Q: When you learned this information from these two passengers, had a search of the vehicle been conducted yet?

A: No.

(Id. at 31:7–9). Based on Sergeant Althoff's testimony, the court denied Defendant's motion to suppress. (See Filing No. 28, Order Denying Motion to Suppress). The court found that the officers had probable cause to search the vehicle:

Officer Althoff testified that Defendant's parole agent advised officers, prior to the arrest, that Defendant was known to carry firearms. After talking with Hawkins and Galiher, the officers were aware that Defendant had attempted to conceal methamphetamine pipes and marijuana, both of which were found, and also a firearm, which had not yet been located. The officers were mindful too of Defendant's suspicious movements while the vehicle was being pulled over. Armed with all of this knowledge, the officers had enough information to believe that a firearm would be found in the vehicle.

(Id. at 6).

With his motion to suppress denied and having failed to reach a plea agreement with the government, on March 12, 2018, Defendant proceeded to trial.
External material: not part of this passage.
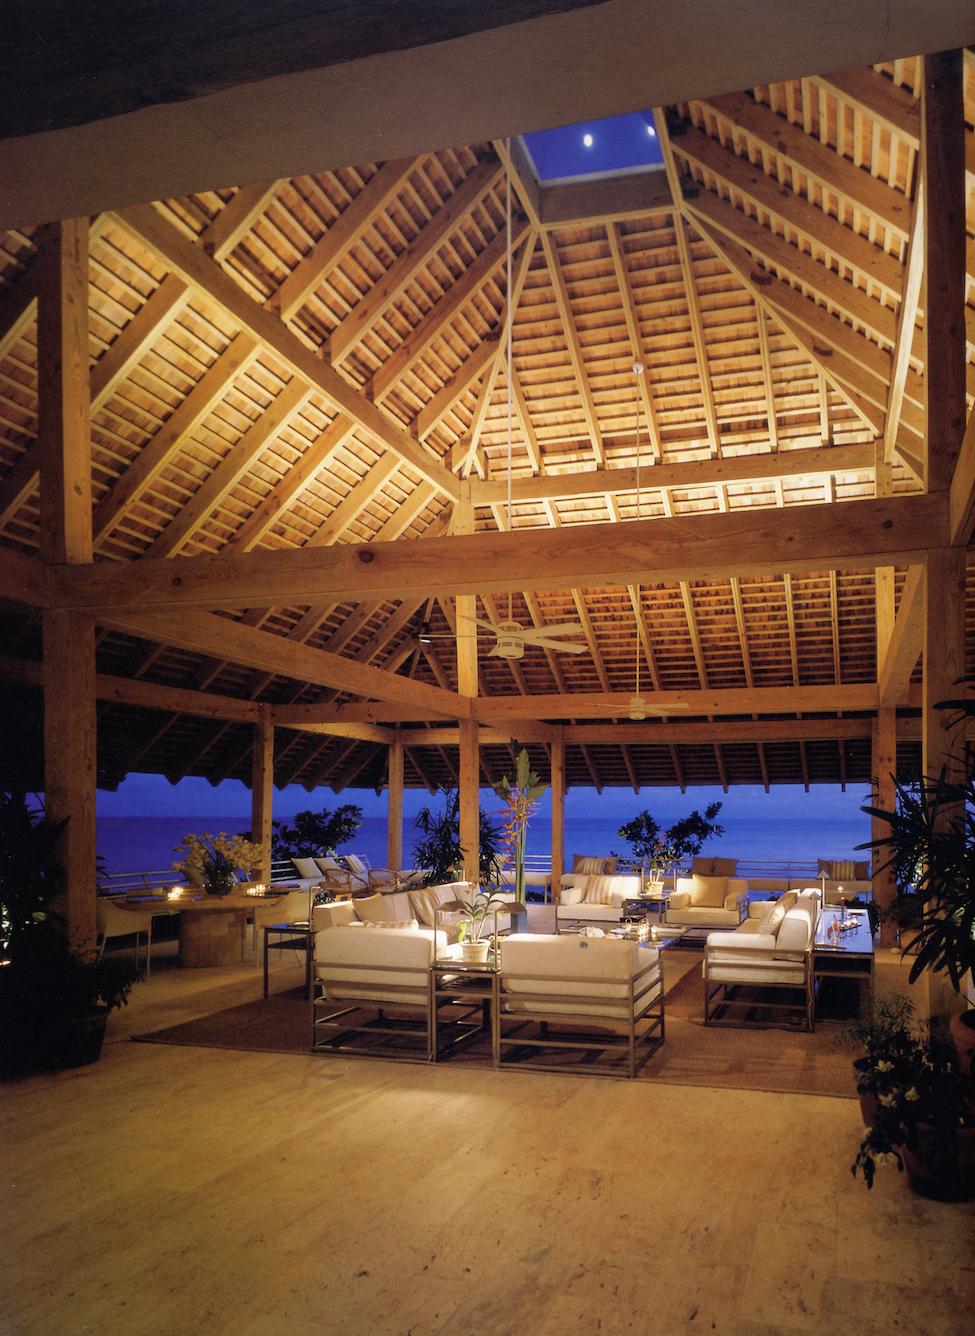 JA furniture outdoor furniture in the the Dominican Republic.

After testimony from three of the government's witnesses (Hawkins, Jackson, and Galiher), Defendant renewed his motion to suppress. (See Filing No. 57, Transcript of Jury Trial—Day 1 ("Day 1 Tr.") at 219–222). The court took the motion under advisement and proceeded with evidence. (Id. at 222). For reasons not important here, the trial ultimately ended in a mistrial. (See Filing No. 47).

On March 29, 2018, Defendant filed a second motion to suppress—the present motion before the court. (Filing No. 52). On April 4, 2018, the government responded. (Filing No. 54).

II. Discussion

Before going forward, the court must first address a procedural hurdle: the consideration of a second motion to suppress having already denied Defendant's first one. With this out of the way, the court then turns to the parties' arguments on the legality of the search.
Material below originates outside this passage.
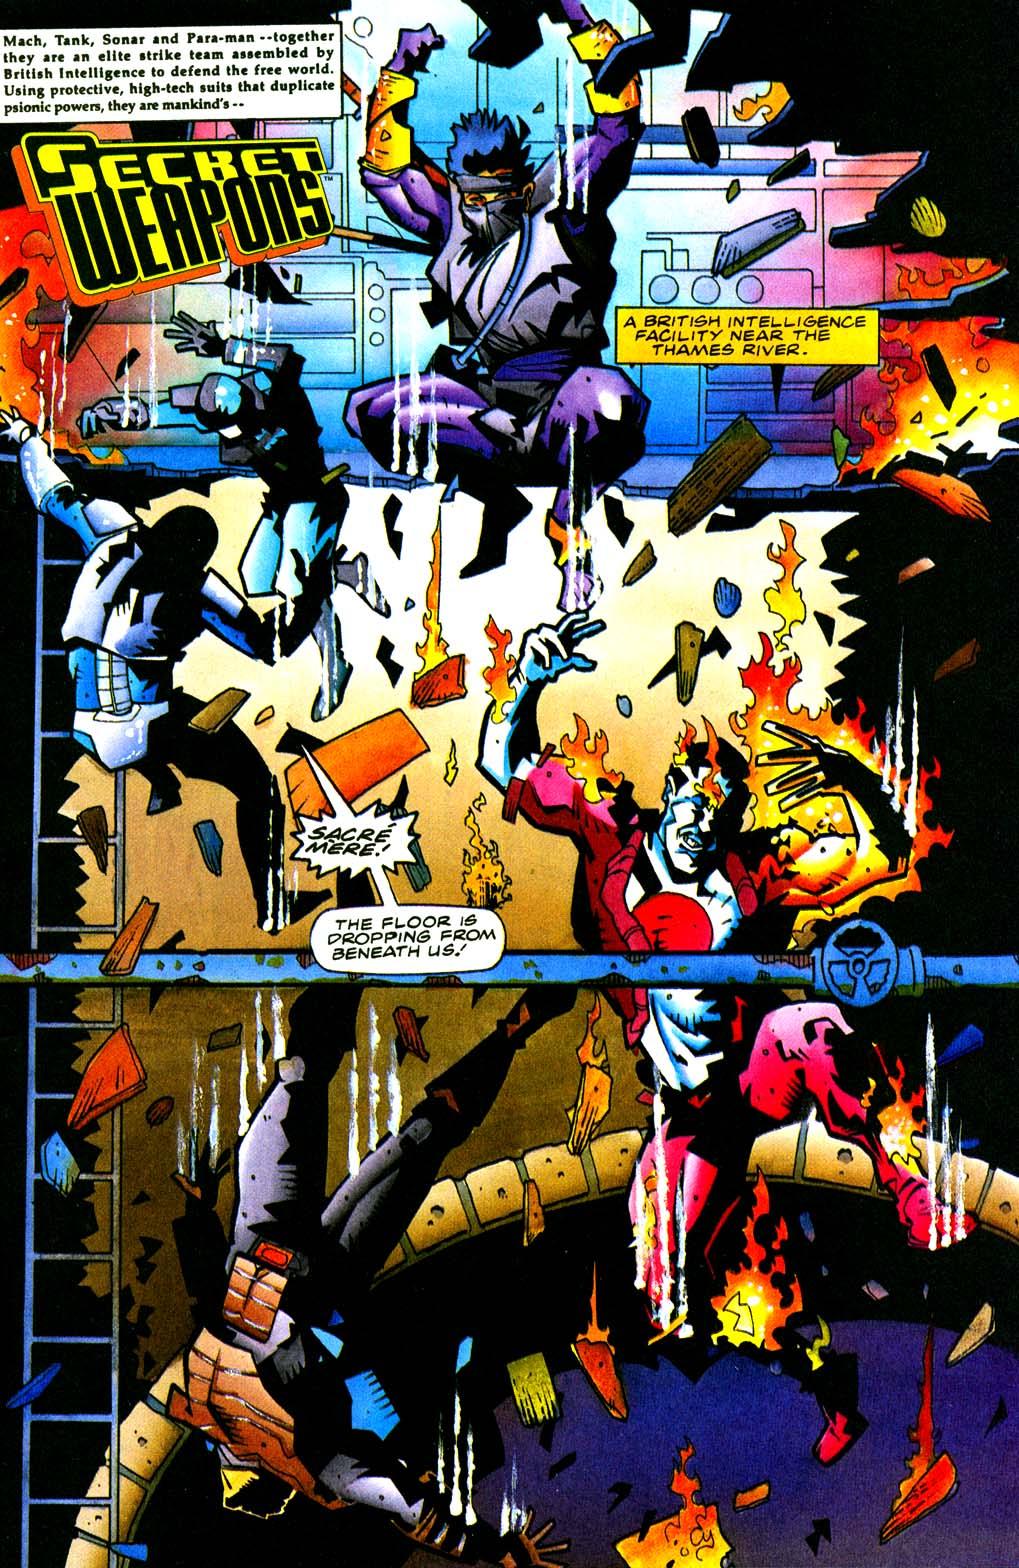 Read online Secret Weapons comic -  Issue #21 - 2

A. The court can consider the second motion to suppress

Ordinarily, a court should not reconsider issues already decided earlier in the litigation. In re Mathias , 867 F.3d 727, 730 (7th Cir. 2017) ; Entek GRB, LLC v. Stull Ranches, LLC , 840 F.3d 1239, 1240 (10th Cir. 2016) (Gorsuch, J.) ("Law of the case doctrine permits a court to decline the invitation to reconsider issues already resolved earlier in the life of a litigation."). However, an exception lies where there has been a change in circumstances—such as where the testimony at trial differs significantly from the testimony at a suppression hearing. E.g. United States v. Montos , 421 F.2d 215, 220 (5th Cir. 1970) (citations omitted) ("If new facts come to light at trial, the trial judge in the exercise of his discretion may consider anew the suppression issue.").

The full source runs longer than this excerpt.